In the description of the present utility model, unless explicitly stated and limited otherwise, the terms "connected," "connected," and "fixed" are to be construed broadly, and may be, for example, fixedly connected, detachably connected, or integrally formed; can be mechanically or electrically connected; can be directly connected or indirectly connected through an intermediate medium, and can be communicated with the inside of two elements or the interaction relationship of the two elements. The specific meaning of the above terms in the present utility model will be understood in specific cases by those of ordinary skill in the art.
In the present utility model, unless expressly stated or limited otherwise, a first feature "above" or "below" a second feature may include both the first and second features being in direct contact, as well as the first and second features not being in direct contact but being in contact with each other through additional features therebetween. Moreover, a first feature being "above," "over" and "on" a second feature includes the first feature being directly above and obliquely above the second feature, or simply indicating that the first feature is higher in level than the second feature. The first feature being "under", "below" and "beneath" the second feature includes the first feature being directly under and obliquely below the second feature, or simply means that the first feature is less level than the second feature.
In the description of the present embodiment, the terms "upper", "lower", "right", etc. orientation or positional relationship are based on the orientation or positional relationship shown in the drawings, and are merely for convenience of description and simplicity of operation, and do not indicate or imply that the apparatus or elements referred to must have a specific orientation, be constructed and operated in a specific orientation, and thus should not be construed as limiting the utility model. Furthermore, the terms "first," "second," and the like, are used merely for distinguishing between descriptions and not for distinguishing between them.

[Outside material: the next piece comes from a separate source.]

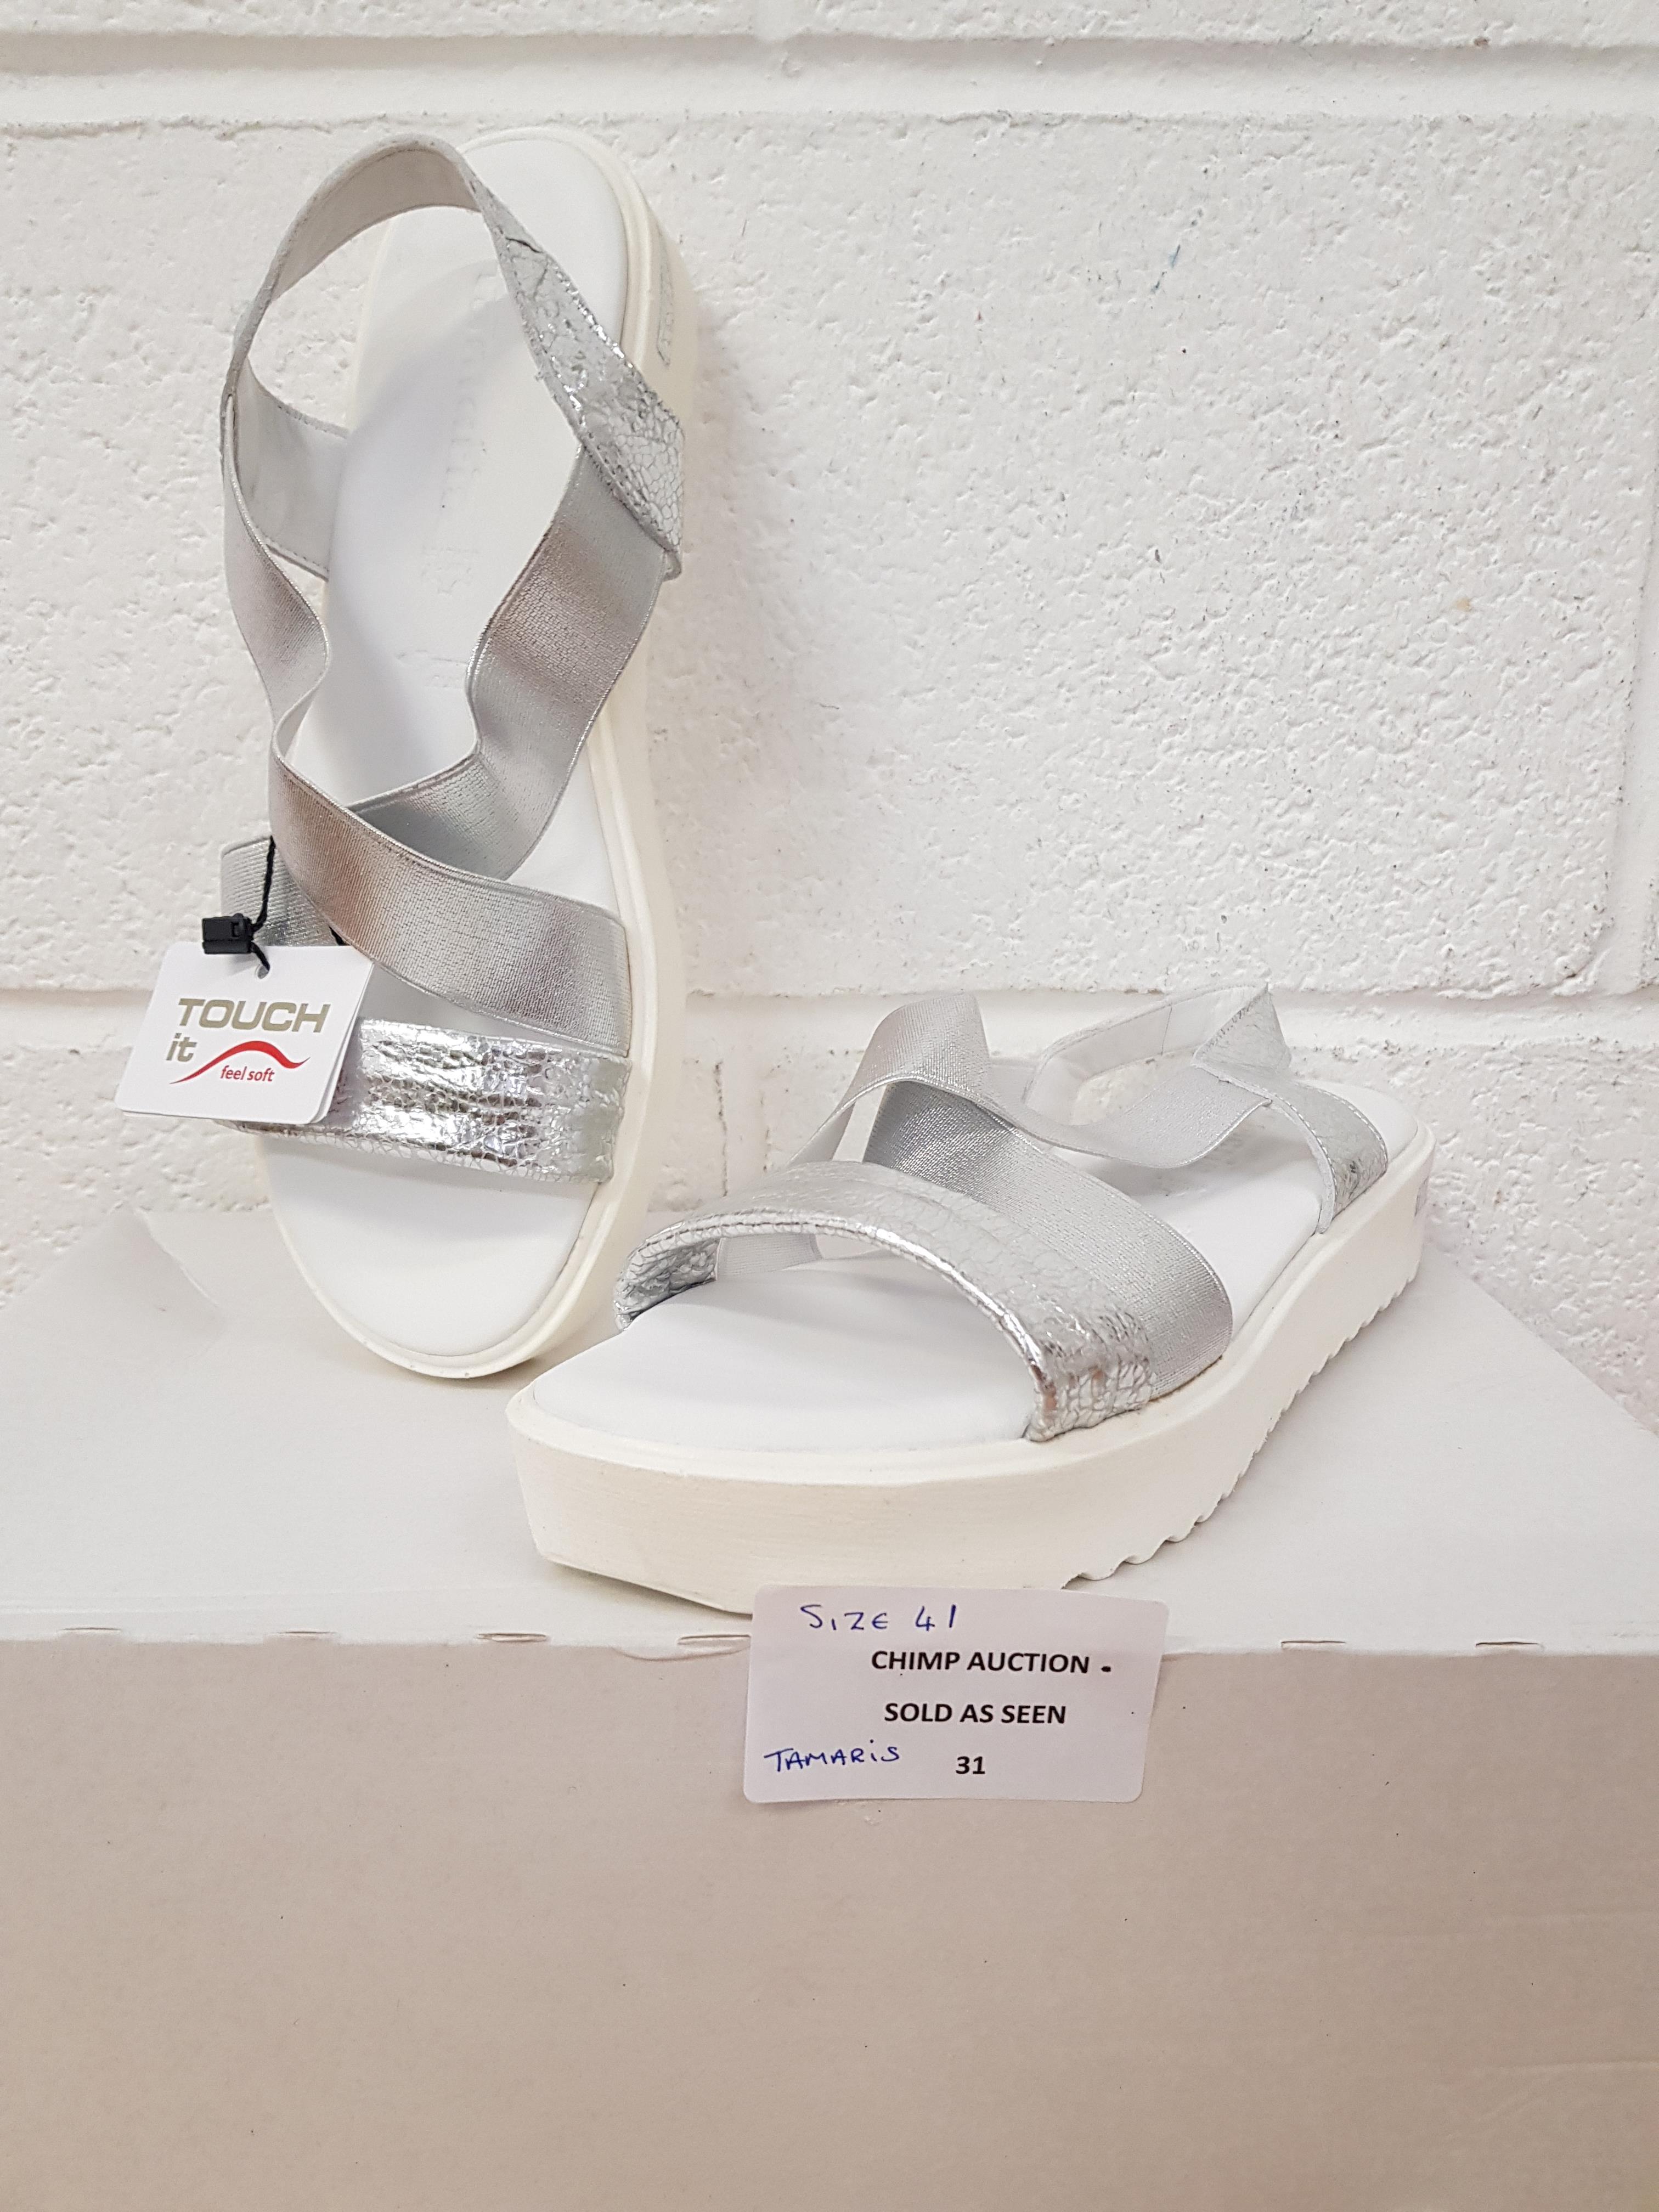 Lot 31 - Tamaris Ladies sandals EU 41

The direct cooling structure, the direct cooling system and the electronic device provided by the utility model are described below with reference to fig. 1 to 5.
The present embodiment provides a direct cooling structure, which can enhance heat exchange efficiency by using the direct cooling structure in the battery 310, and is convenient to assemble and disassemble. The battery 310 in this embodiment refers to a large cylindrical battery, and it is understood that in other embodiments, the battery 310 may be a soft pack battery or a prismatic battery, which is not specifically limited herein.
In this embodiment, the first direction is the Y direction in fig. 1, and is also the extending direction of the serpentine flat tube 10; the second direction is the Z direction in FIG. 1, and is also the vertical direction; the third direction is the X direction in FIG. 1; the X direction, Y direction and Z direction are perpendicular to each other, and the X direction, Y direction and Z direction are described below.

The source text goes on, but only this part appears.